What is regenerate-unicode-properties?
The regenerate-unicode-properties package is a tool for generating JavaScript regular expressions based on Unicode properties. It is used to create sets of Unicode symbols that match certain criteria, such as belonging to a particular category, script, or block. This can be useful for text processing tasks that require matching characters with specific Unicode attributes.
What are regenerate-unicode-properties's main functionalities?
Generating regex sets for Unicode categories
This feature allows you to generate regular expressions that match any character from a specific Unicode category, such as letters (category 'L').
const regenerate = require('regenerate-unicode-properties');
const regex = regenerate().addCategory('L').toRegExp();
// regex will match any Unicode letter
Generating regex sets for Unicode scripts
This feature enables the creation of regular expressions that match characters from a specific Unicode script, such as Hiragana.

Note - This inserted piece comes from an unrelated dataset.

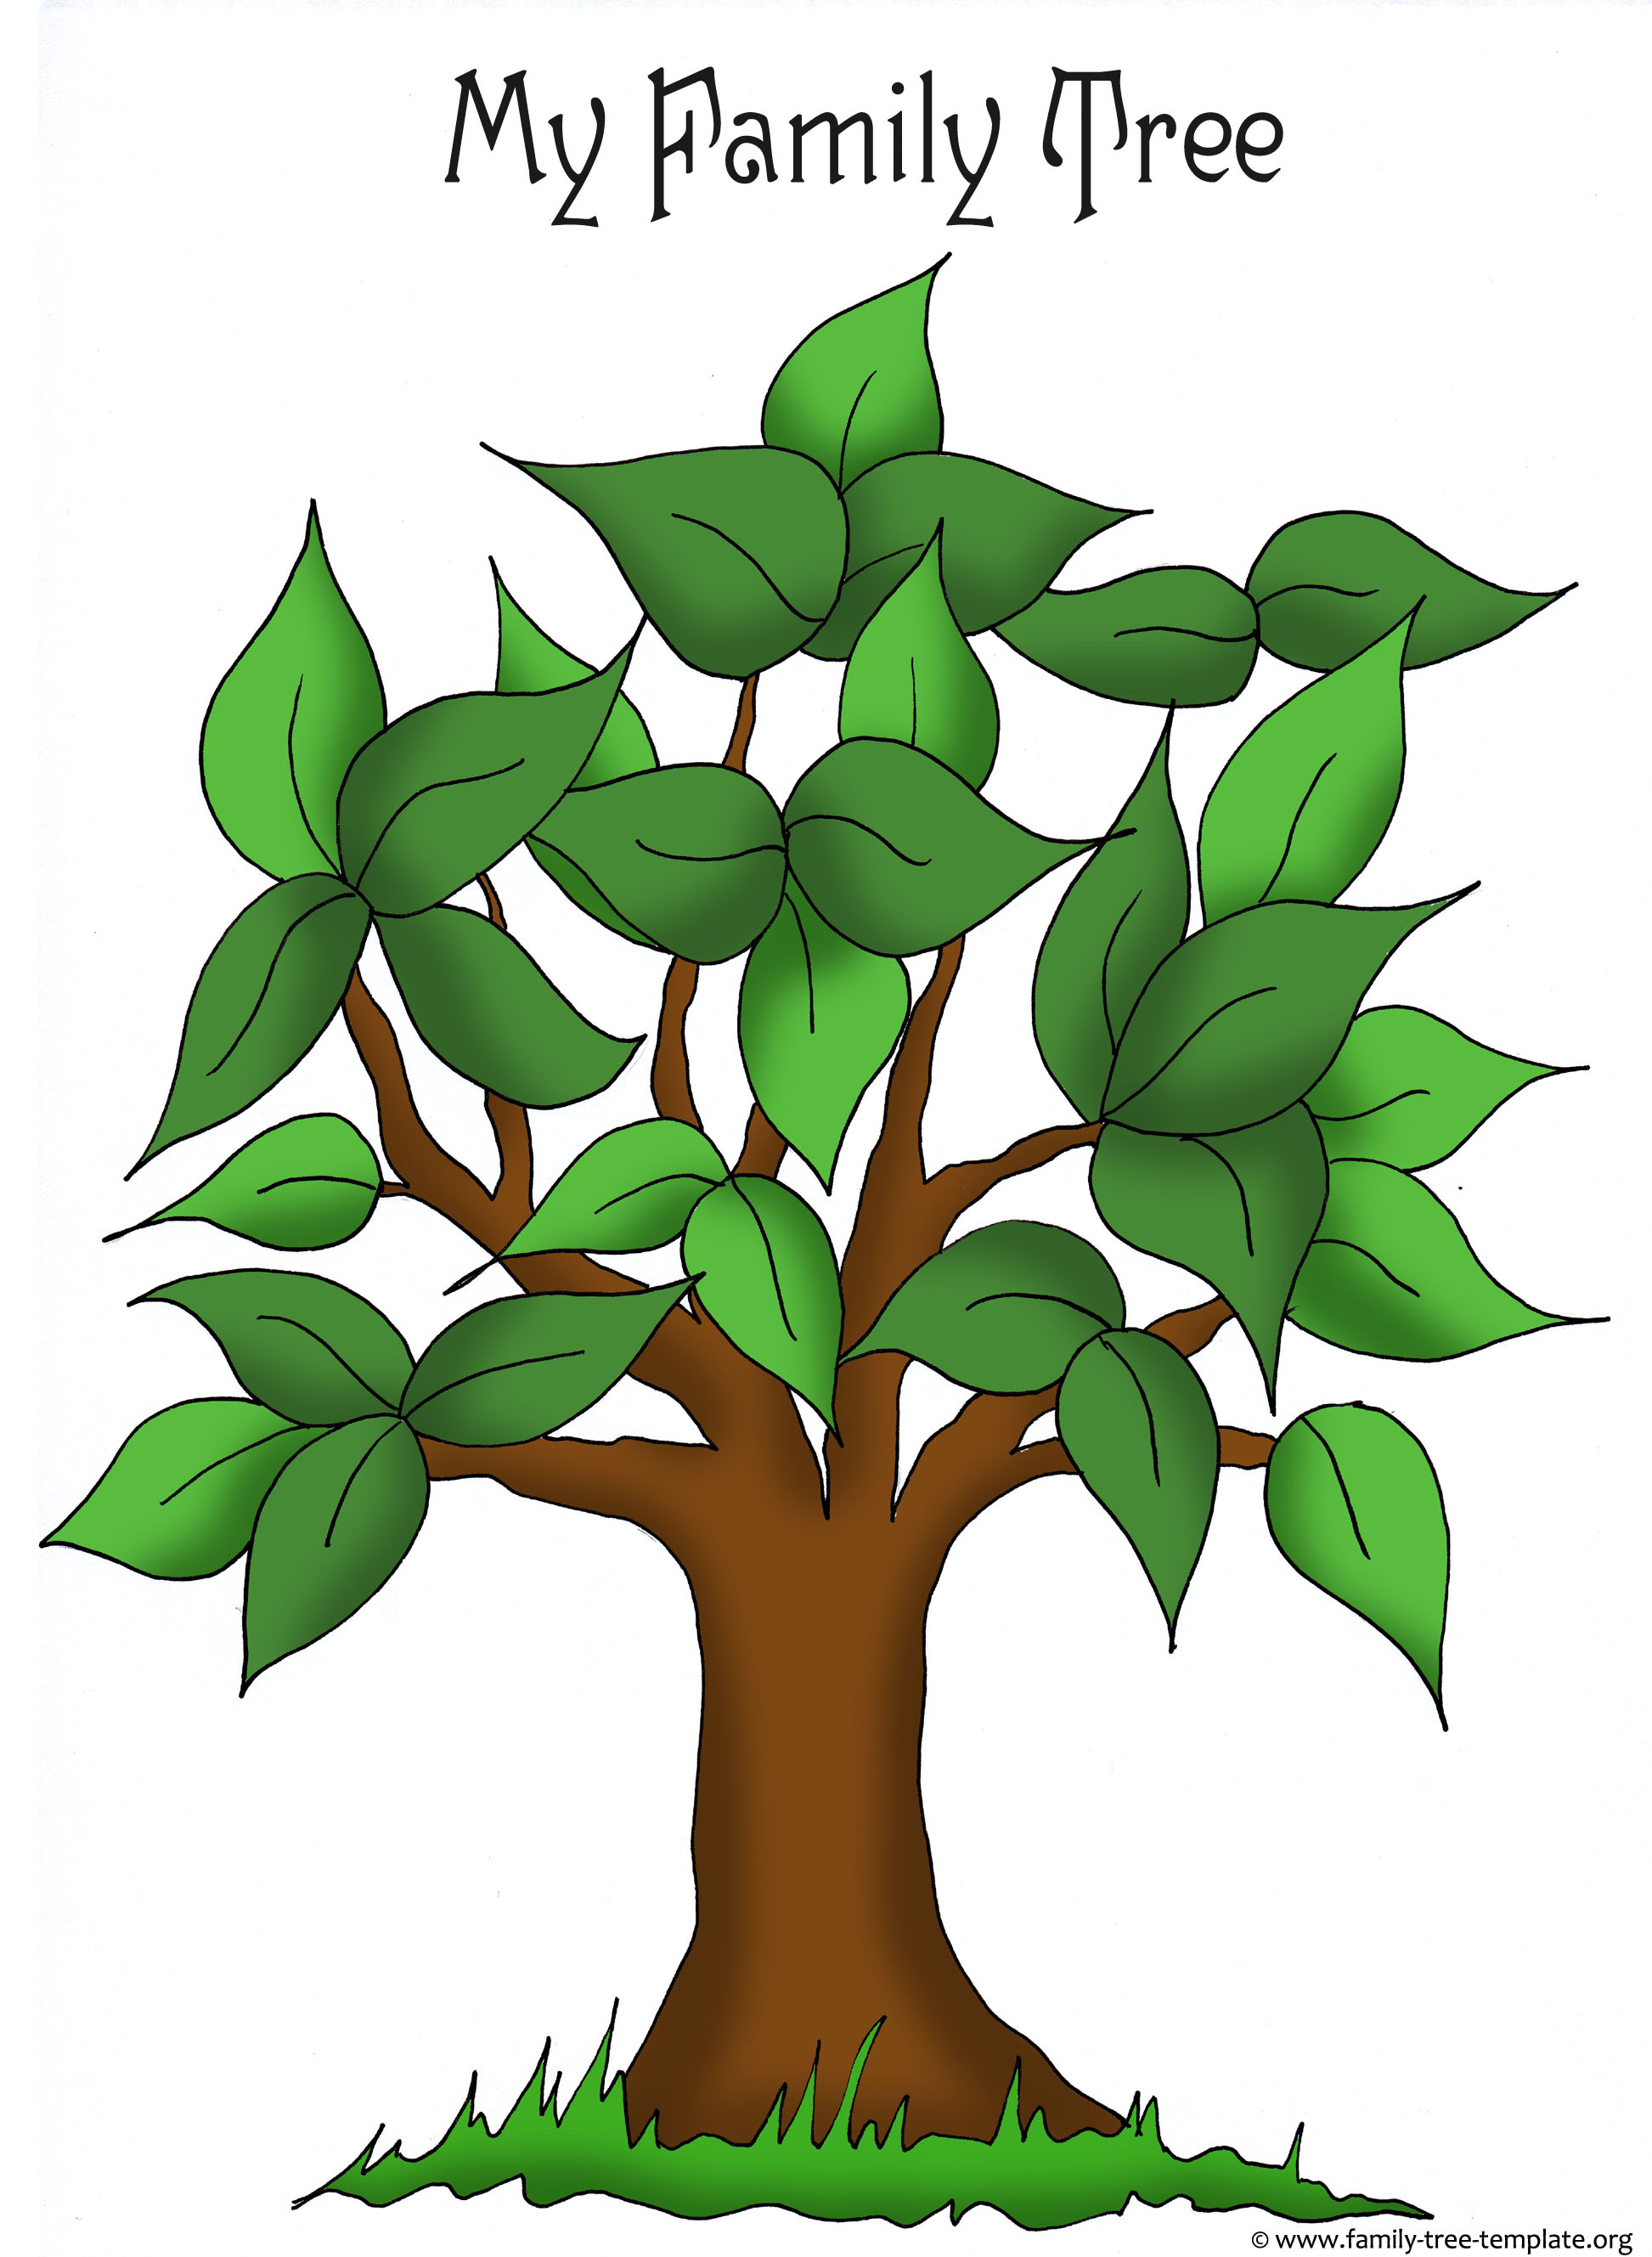 Tree Templates   Genealogy Clipart For Your Ancestry Map   Family Tree

const regenerate = require('regenerate-unicode-properties');
const regex = regenerate().addScript('Hiragana').toRegExp();
// regex will match any character in the Hiragana script
Generating regex sets for Unicode blocks
With this feature, you can generate regular expressions that match characters within a specific Unicode block, like the Basic Latin block.
const regenerate = require('regenerate-unicode-properties');
const regex = regenerate().addBlock('Basic_Latin').toRegExp();
// regex will match any character in the Basic Latin block
Other packages similar to regenerate-unicode-properties
unicode-regex
The unicode-regex package allows you to create regular expressions based on Unicode properties, similar to regenerate-unicode-properties. It provides a higher-level API for composing regular expressions using Unicode property escapes.
xregexp
XRegExp is an extended JavaScript regex library that includes support for additional syntax and features, such as named capture groups and Unicode property escapes. It offers similar functionality for matching Unicode properties but also includes a wide range of other enhancements to regular expressions.
regexpu-core
regexpu-core is a library that compiles Unicode-aware regular expressions to ES5. It transforms Unicode property escapes and other Unicode-related regex features to work in older environments. It provides similar Unicode property matching capabilities but focuses on compatibility with non-ES2015 environments.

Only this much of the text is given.